For stage III, the generators are replaced by a restriction interpreter (Figure 3). The grammar of English consists of a context-free component plus a set of restrictions, each of which is associated with one or more productions in the context-free component. These restrictions state conditions which the parse tree must meet if the analysis is to be accepted. Each time a node is added to the parse tree, and each time a level in the tree is completed, the parser invokes the restriction interpreter to execute those restrictions appearing in the corresponding production; the restriction interpreter returns a success or failure indication to the parser. If the restriction has succeeded, the parser continues normally (i.e., as if there had been no restriction). If the restriction has failed, the parser must either try an alternate option, or if all options in a production have been exhausted, dismantle part of the parse tree.

The parser is written totally in C++. It consists of 22,359 source lines in about 100 subroutines, only some of which are included in the program for any one stage of the system.

The Dictionary Look-Up
The dictionary lookup (dlookup) was formerly part of the parser. It is now separated and forms an independent function, with three main jobs:
  1. A Tokenizer

    dlookup breaks the input sentence along the blank delimiter into a series of 2n-1 possible sentences (n: number of words). Tokens of these sentences are matched against lexical entries to find best matches. After evaluation for most number of matched lexical entries, and least number of tokens, one of these best matches will be chosen as the sentence to be parsed.

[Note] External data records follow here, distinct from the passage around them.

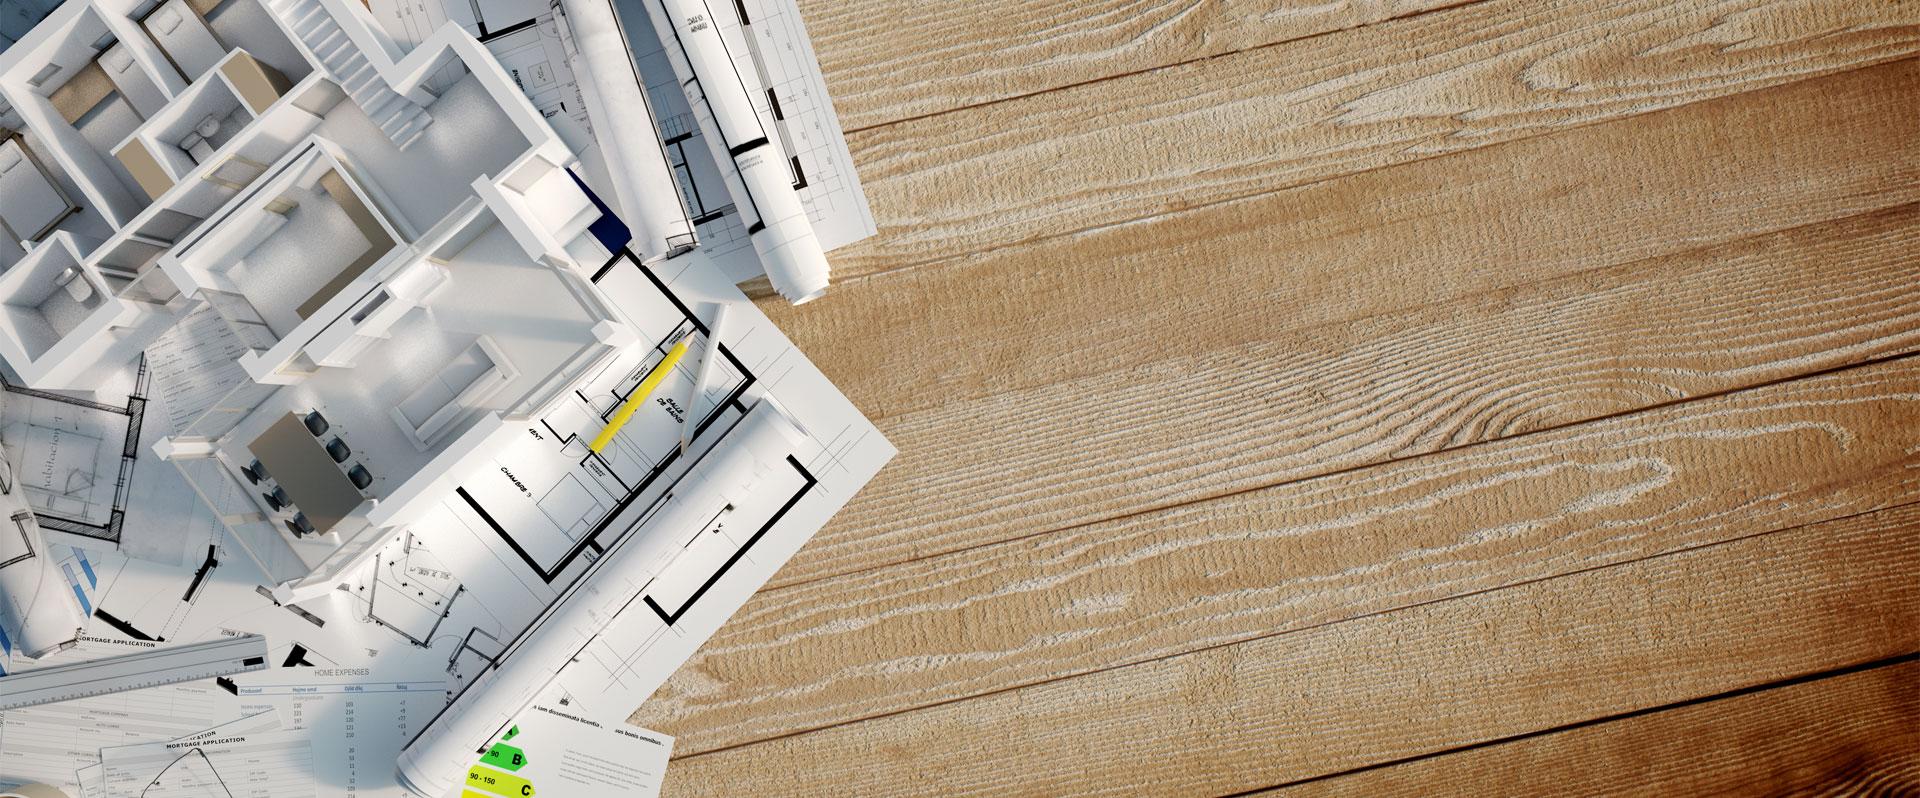 Progettazione strutturale e architettonica | BAOBAB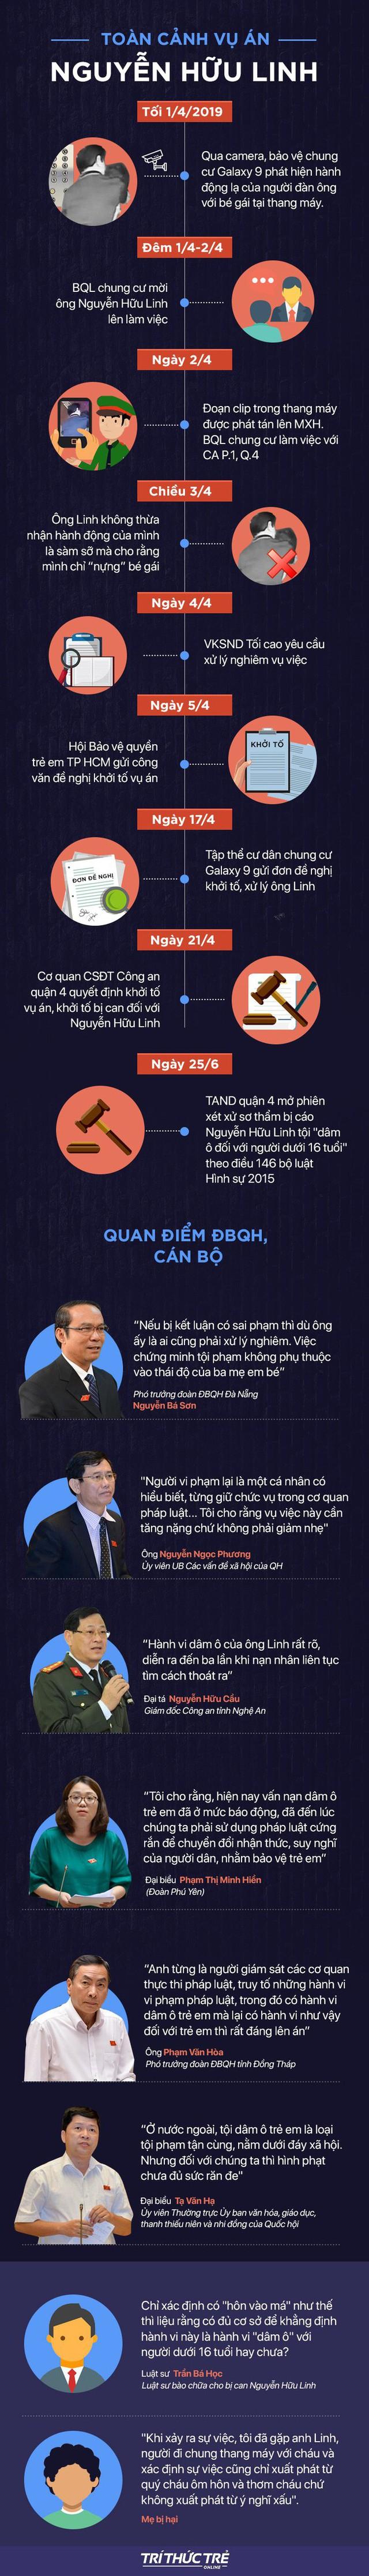 [Infographic] Vụ án Nguyễn Hữu Linh ôm, hôn bé gái 3 lần trong thang máy - Ảnh 1.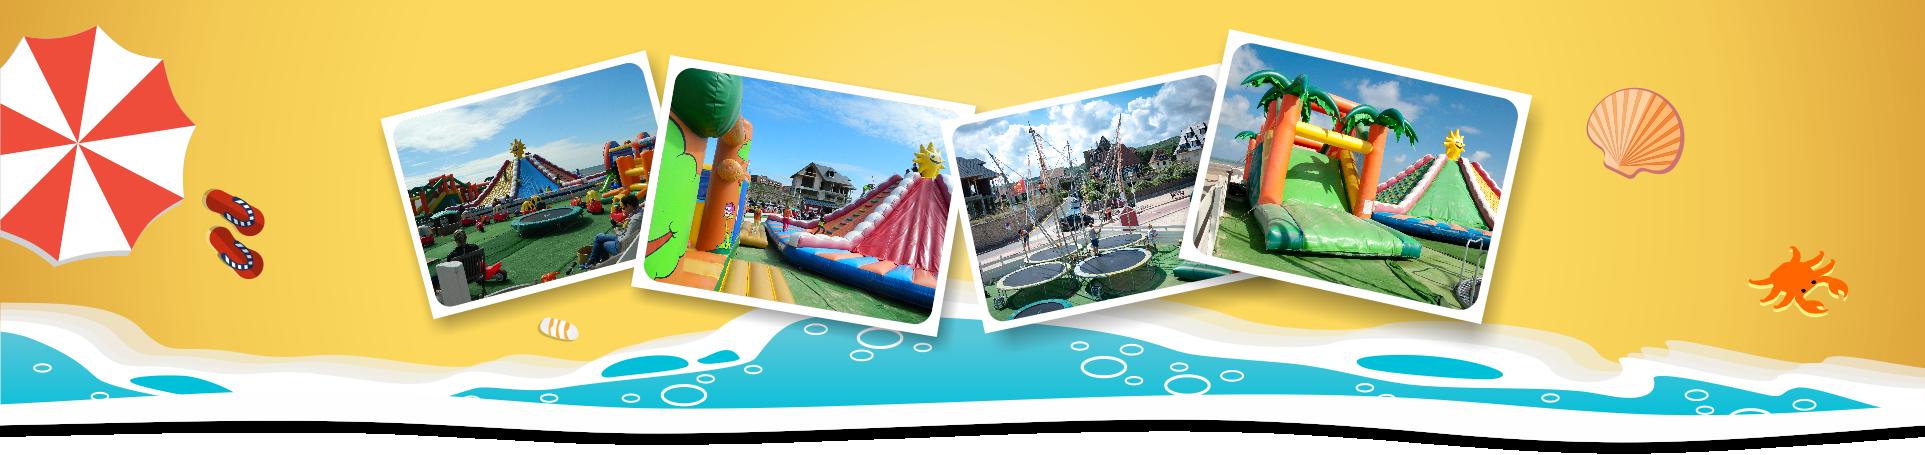 parc attractions loisirs enfants jeux plage mer location gonflables géants famille salto trampolines toboggans benerville deauville trouville calvados normandie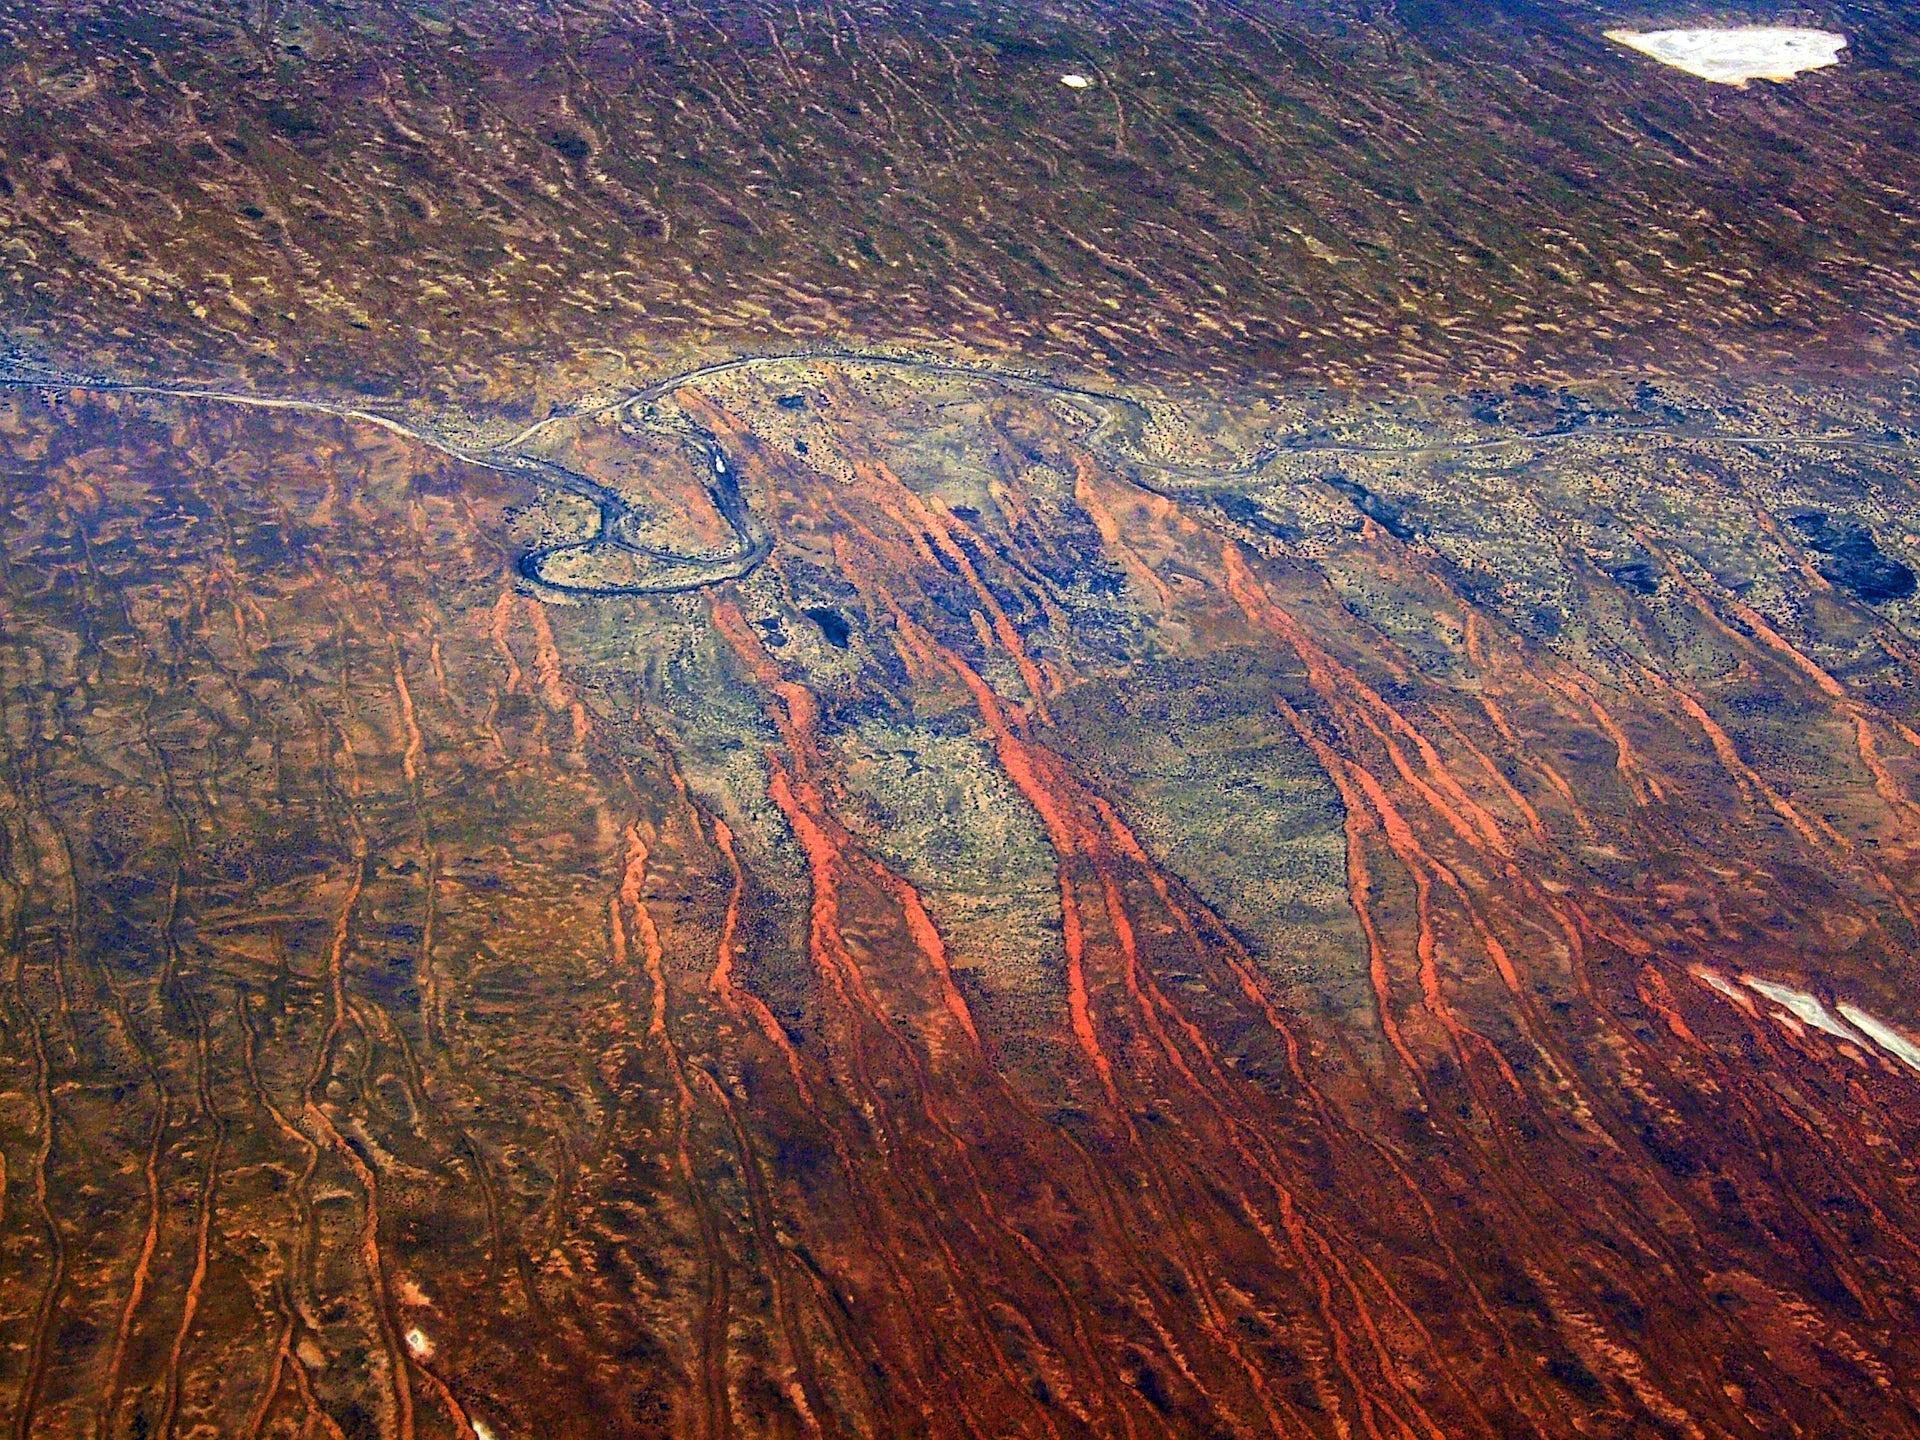 The origins of Pama-Nyungan, Australia's largest family of Aboriginal languages

  2. A generator of lexical entries

    dlookup automatically generates appropriate lexical categories and classes for:

    • standard numbers, times and dates
    • medical terms, according to a medical list
    • dose strings, according to a dose pattern list
    • organism terms, according to an organism list
    • geographic nouns, according to a geographic list
    • patient nouns, according to a patient list
    • institution/ward/service nouns, according to an institution list
    • physician/staff nouns, according to a staff list

  3. A reader of lexical entries from the main dictionary
The dictionary lookup is 7,573 lines long, and creates a list of lexical entries with all categories and attributes for the input sentence to be picked up by the parser for parsing.